I’m encountering an issue while running a DALI pipeline with GPU-only decoding. The pipeline works when the fn.decoders.image operator is set to "mixed" mode, but it fails with device="gpu" mode, throwing an error about incompatible device storage for the input. Here’s the setup and error details:
Code:
class SimplePipeline(Pipeline):
def __init__(self, batch_size, num_threads, device_id, external_data):
super(SimplePipeline, self).__init__(batch_size, num_threads, device_id, seed=12)
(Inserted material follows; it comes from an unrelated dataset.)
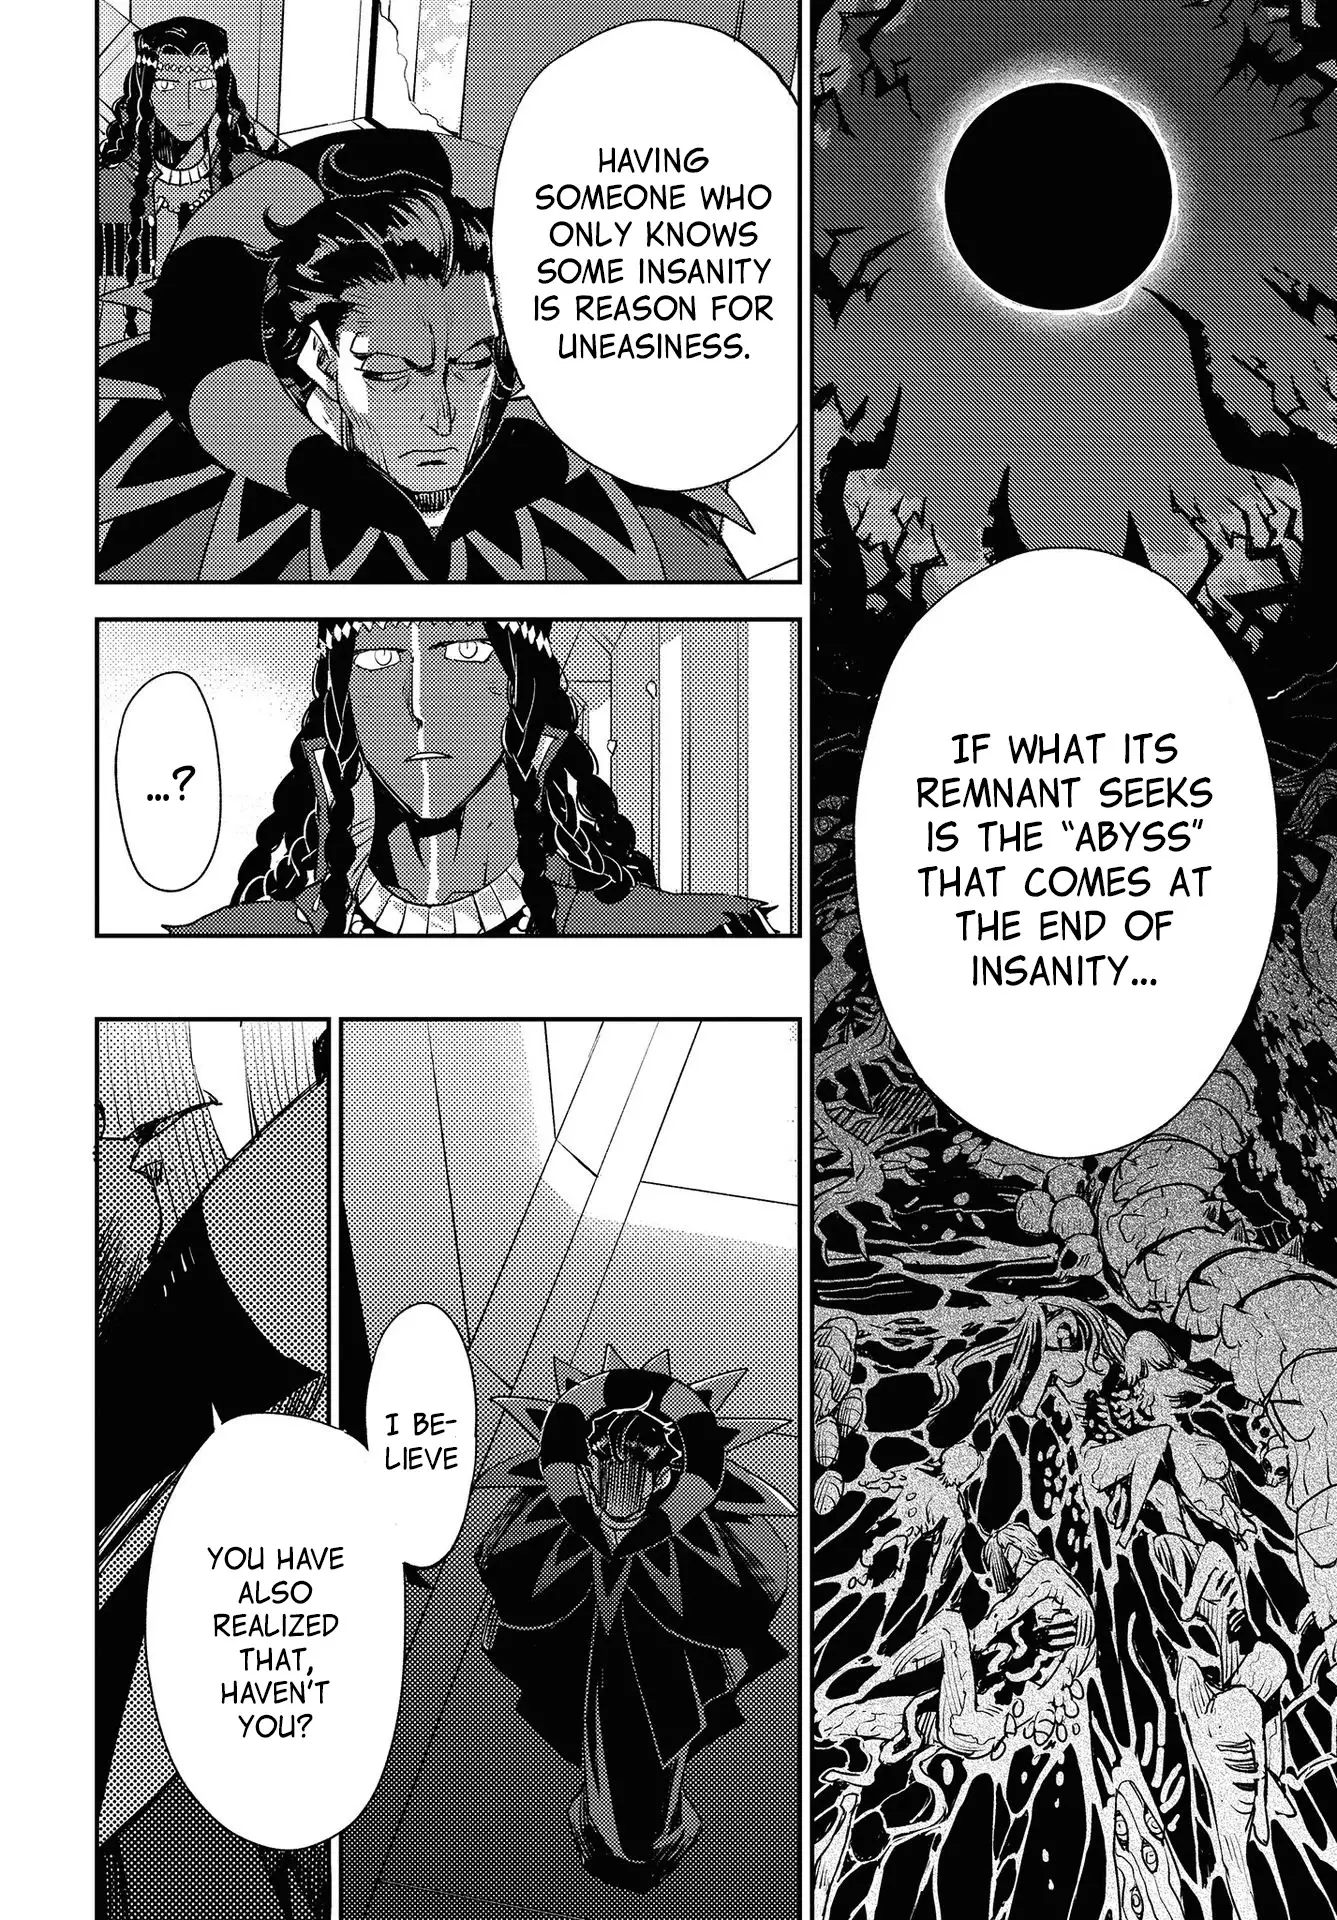 Fate/grand Order: Epic Of Remnant - Subspecies Singularity Iv: Taboo Advent Salem: Salem Of Heresy - 17 page 8

self.input = fn.external_source(source=external_data, num_outputs=2, dtype=[types.UINT8, types.INT32])
def define_graph(self):
self.jpegs, self.labels = self.input
# This works:
# self.decode = fn.decoders.image(self.jpegs, device="mixed", output_type=types.RGB)
# This fails with incompatible device storage error:
self.decode = fn.decoders.image(self.jpegs, device="gpu", output_type=types.RGB)
self.resize = fn.resize(self.decode, device="gpu", resize_x=1120, resize_y=640)
self.cmnp = fn.crop_mirror_normalize(
self.resize, device="gpu", dtype=types.FLOAT, output_layout="CHW",
crop=(640, 1120), mean=[0.0, 0.0, 0.0], std=[255.0, 255.0, 255.0]
)
return self.cmnp, self.labels
pipe = SimplePipeline(batch_size=batch_size, num_threads=32, device_id=0, external_data=iter)
pipe.build()
Error:
RuntimeError: Assert on "IsCompatibleDevice(dev, inp_dev, op_type)" failed:
The input 0 for gpu operator nvidia.dali.fn.decoders.image is stored on incompatible device "cpu". Valid device is "gpu".
GPU and Platform Information:
GPU: NVIDIA RTX 6000 Ada Generation
CUDA Version: 12.2
DALI Version: [specify DALI version if known]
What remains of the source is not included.